Describing The Nexus of Distance Running and The Law.

Monday, October 22, 2007




I just want to stay in it.

I want to stay in the sport. I don’t want anything else.

Not running. Resting. And not tying my shoes. The times when I feel most separate, and most alienated. This is when I become most scared.

I need to return a state of suffering. Something even my last 20 miler can’t emulate. It is when the finish line is another 9 miles away. And you’re licking your fingers for whatever GU or juice or sodium is left. It’s then that I become who I am.

Manchester isn’t a race. It’s a war.

It’s peeling myself off the pavement after crashing at 22mph on a 90 degree turn. Its never wanting to move for the next week. It’s trying to run through rain and mud on a dented hip and dysfunctional ligaments. For the sake of something I call Cross Country.

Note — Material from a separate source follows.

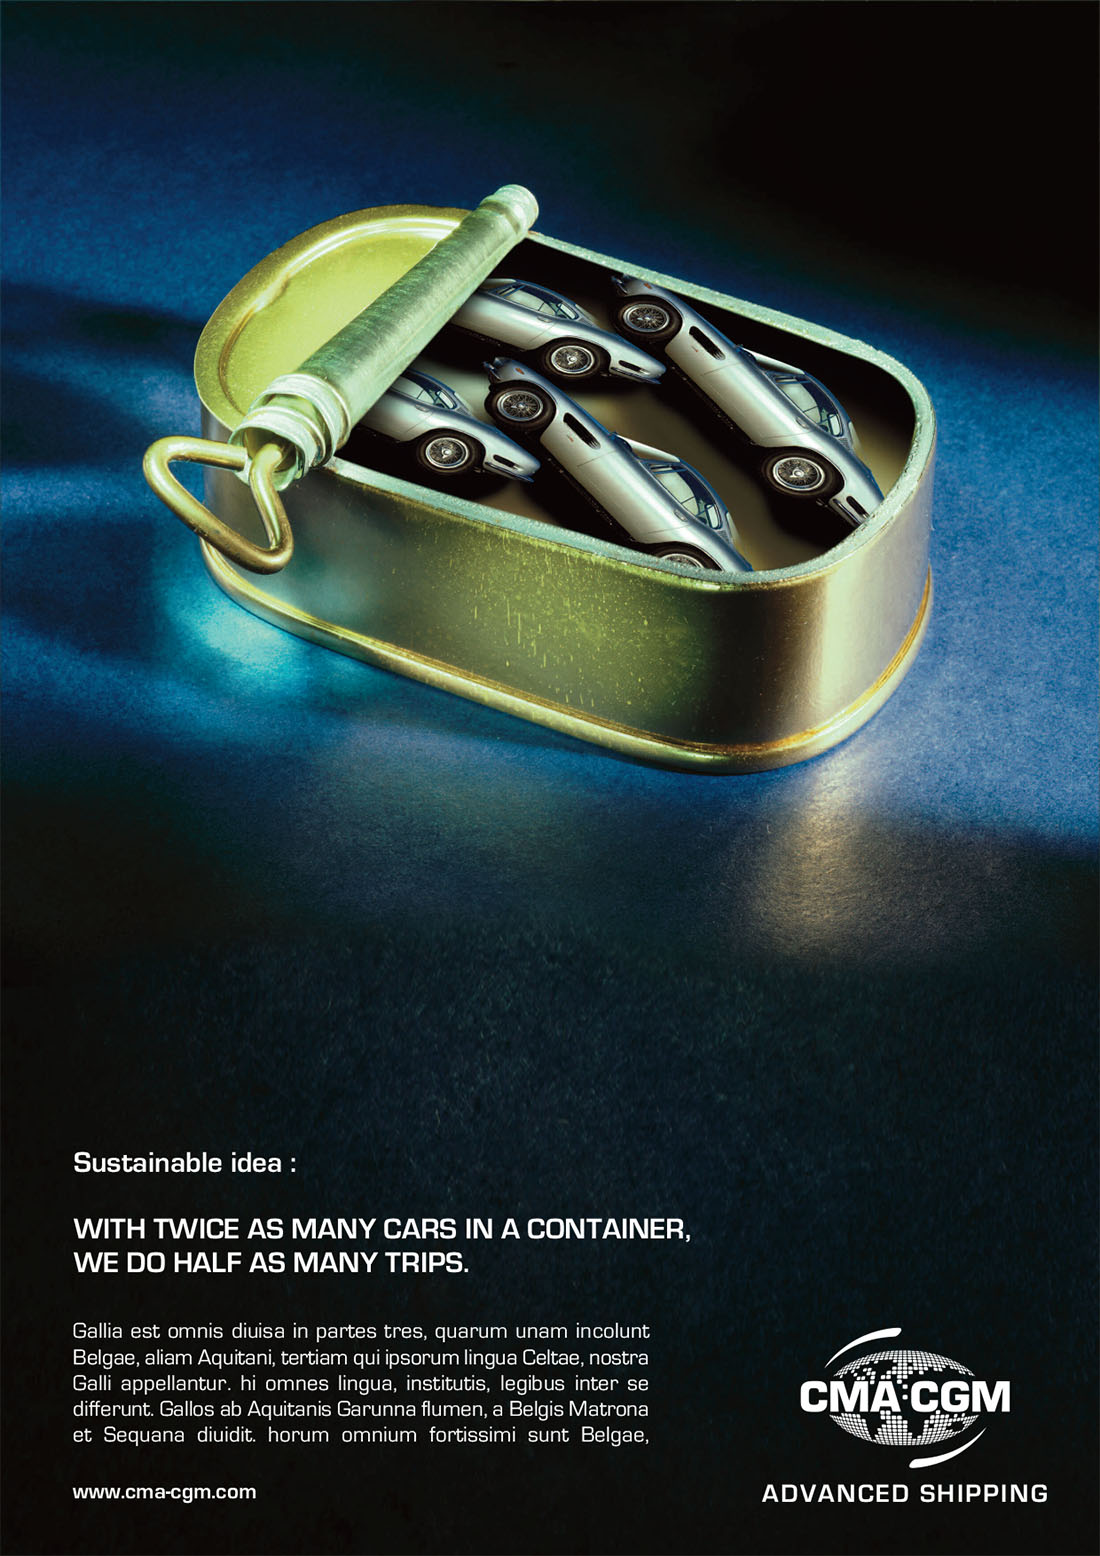 Capsule Cafe Royale Nespresso Promo
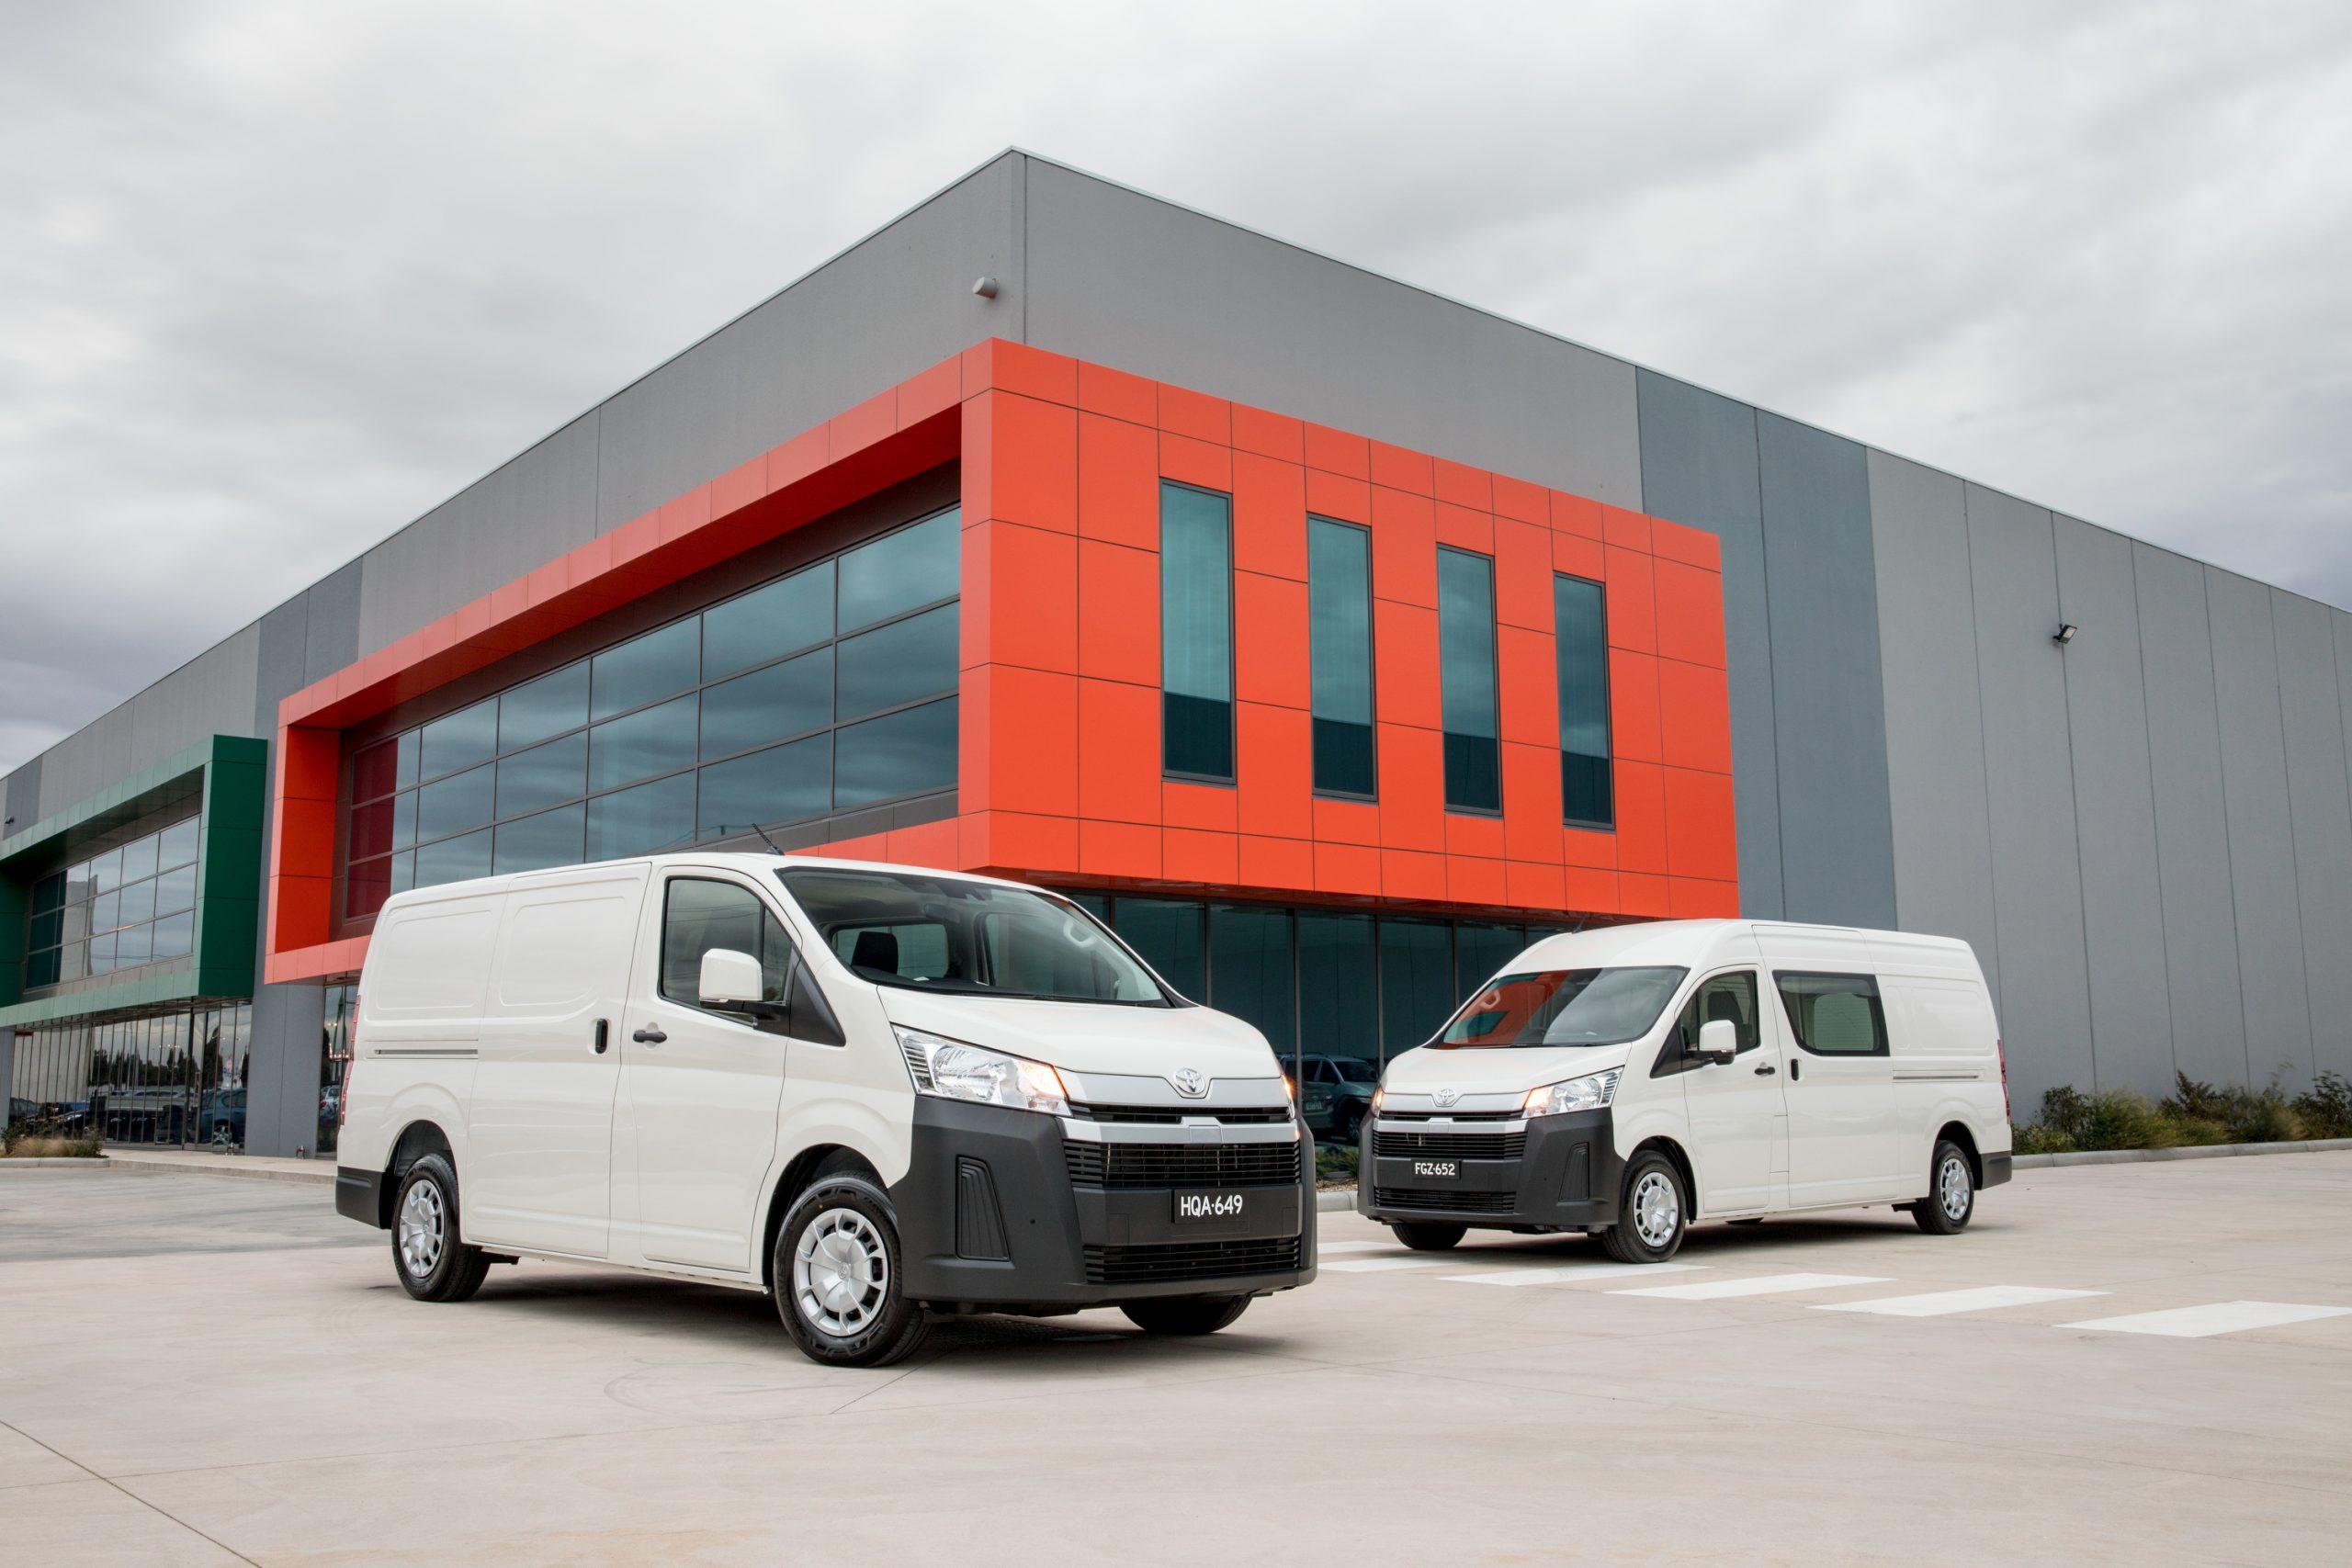 2019 Toyota HiAce  LWB Van (L) and SLWB Van (R).

It’s beyond a goal. It’s a renewal.

People drown. They crash. They fall apart. The wheels come off.

But you have to find trust. If you can’t trust something, you shouldn’t be out there. You just shouldn’t expect things that aren’t built for.

It’s a funny feeling to walk off a race course, covered in salt and pebble and skin, and never feeling better.

To cross a finish line… after never wanting to get up from the tar. Never wanting to move out of the road. Never wanting to move. People need to be inspired. I need to be inspired. And I need to leave nothing on the tar but my shadows.

Something got me off that wet asphalt. It wasn’t the cop. It wasn’t the volunteers. And it certainly wasn’t the cyclists Zipp wheels screaming by my body as I crawled over to the corner. But I got up.

I’m going to continue to get up. And come November, I’m not going back down.

Don’t Stop Moving.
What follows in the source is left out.